Crucial M4 SSD sleep bug - AHCI timeout after upgrade from 2.2.5 to 2.3.1
I configured myself a pfSense box back in november to get some hands on experience and replace my home router. I chose a Shuttle DS81 and used some parts I had lying around (i3 cpu, Crucial M4 SSD, 4Gb Kingston DDR3).
I think I installed 2.2.5 back then. Things had worked perfect ever since. Last saturday I decided to upgrade to 2.3.1 and that process went without errors.
The following sunday my network was completely down. After a hard reboot things would work for a little while (usually less than 30 minutes). I swapped my old router back in and did some testing with the pfSense box.
I decided set it up next to me with a monitor and hopefully see what happens. SMART data is fine and memtest reports no errors (8hrs+). After a while I saw ahcich1 timeouts (no BIOS settings were ever changed). I tried the following and tested after each step:
- clean install 2.3.1
- update BIOS
- clean install 2.3.1
- fiddle around in BIOS
- reset BIOS and did a clean install of 2.2.5
The problem remained.
As a last resort I checked for possible firmware updates for the SSD. I found Crucial did release a critical update to correct an issue that an SSD would not wake from sleep.
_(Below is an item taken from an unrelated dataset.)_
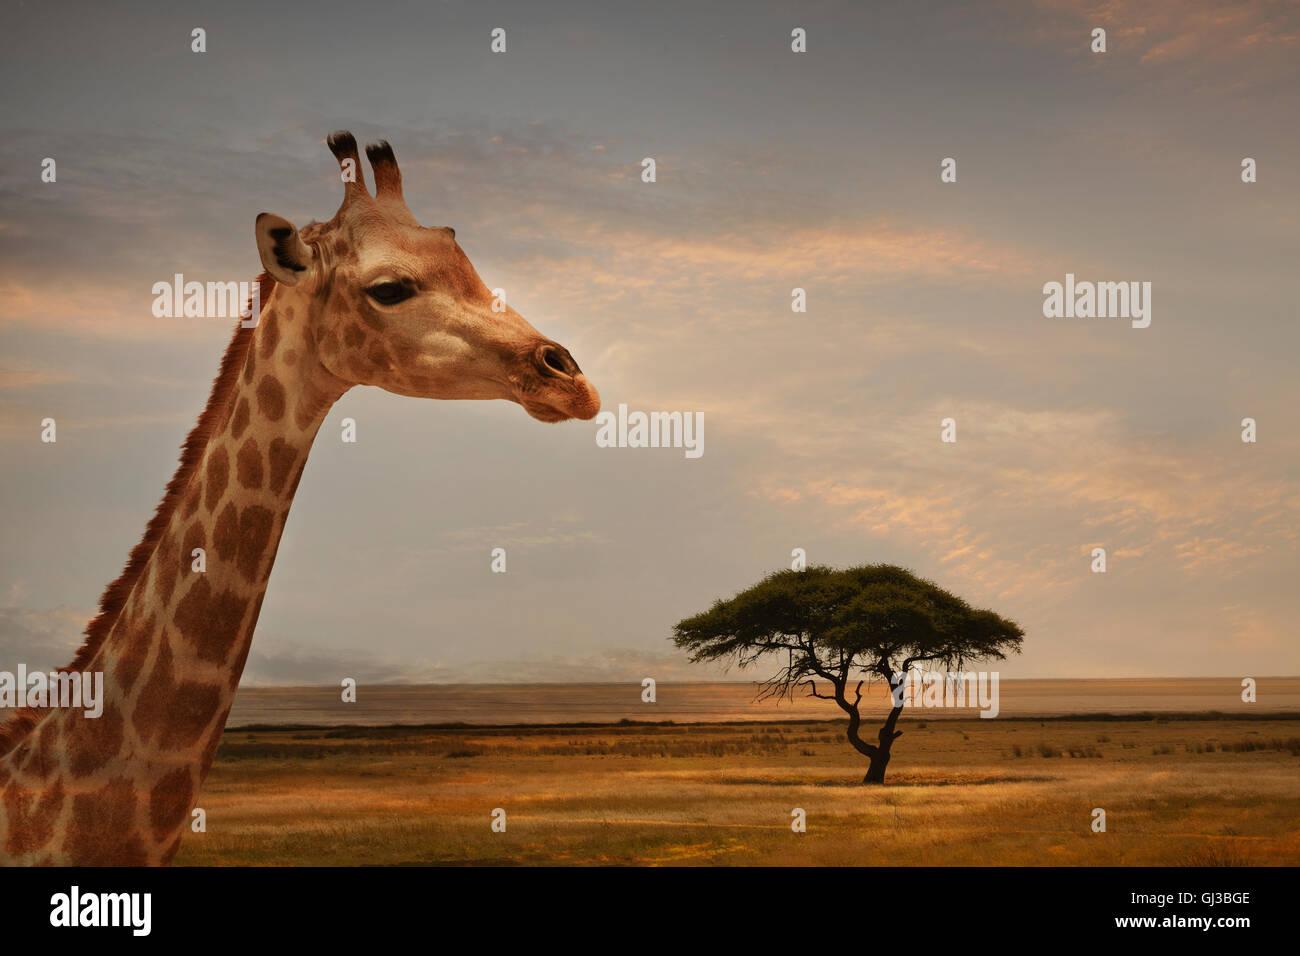 Giraffe at sunset, Etosha National Park, Namibia - Stock Image
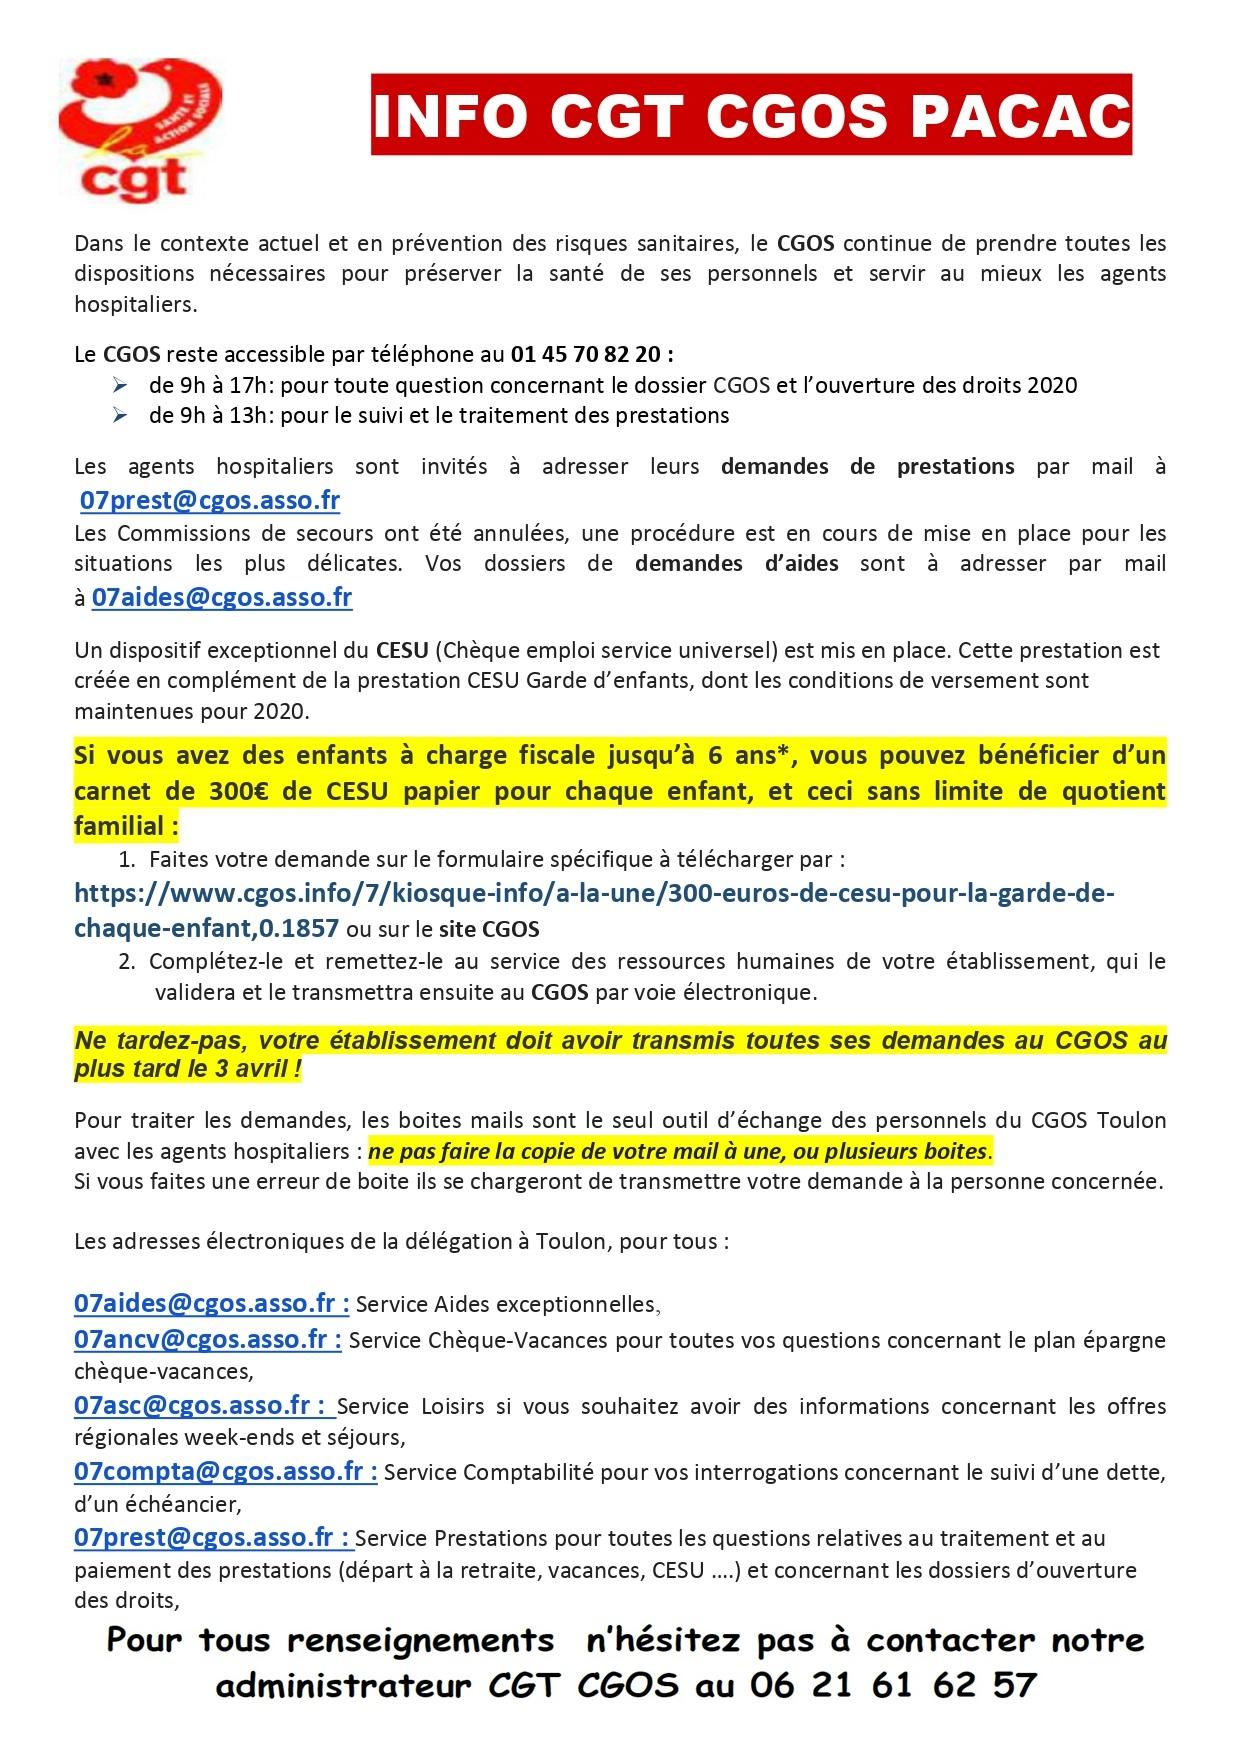 Tract CGT CGOS CESU COVID-19, mars 2020

Resolved a power-up timing issue that could result in a drive hang, resulting in an inability to communicate with the host computer. The hang condition would typically occur during power-up or resume from Sleep or Hibernate. Most often, a new power cycle will clear the condition and allow normal operations to continue. The failure mode has only been observed in factory test. The failure mode is believed to have been contained to the factory. This fix is being implemented for all new builds, for all form factors, as a precautionary measure. The fix may be implemented in the field, as desired, to prevent occurrence of this boot-time failure. To date, no known field returns have been shown to be related to this issue. A failure of this type would typically be recoverable by a system reset.
Right now my box has been up for 5 hours, so it's looking good. One thing I have to ask though: how did a software update trigger the SSD firmware bug? It ran fine for months. Was this one of those rare coincidences? Or were changes made to sleep behavior past version 2.2.5 (I went through the blog posts but couldn't find anything).
pfSense 2.2.* is based on FreeBSD 10.1
pfSense 2.3.* is based on FreeBSD 10.3
So anything that happened for FreeBSD 10.2 and then 10.3 in regard to drivers etc would have the possibility to trigger different behaviour.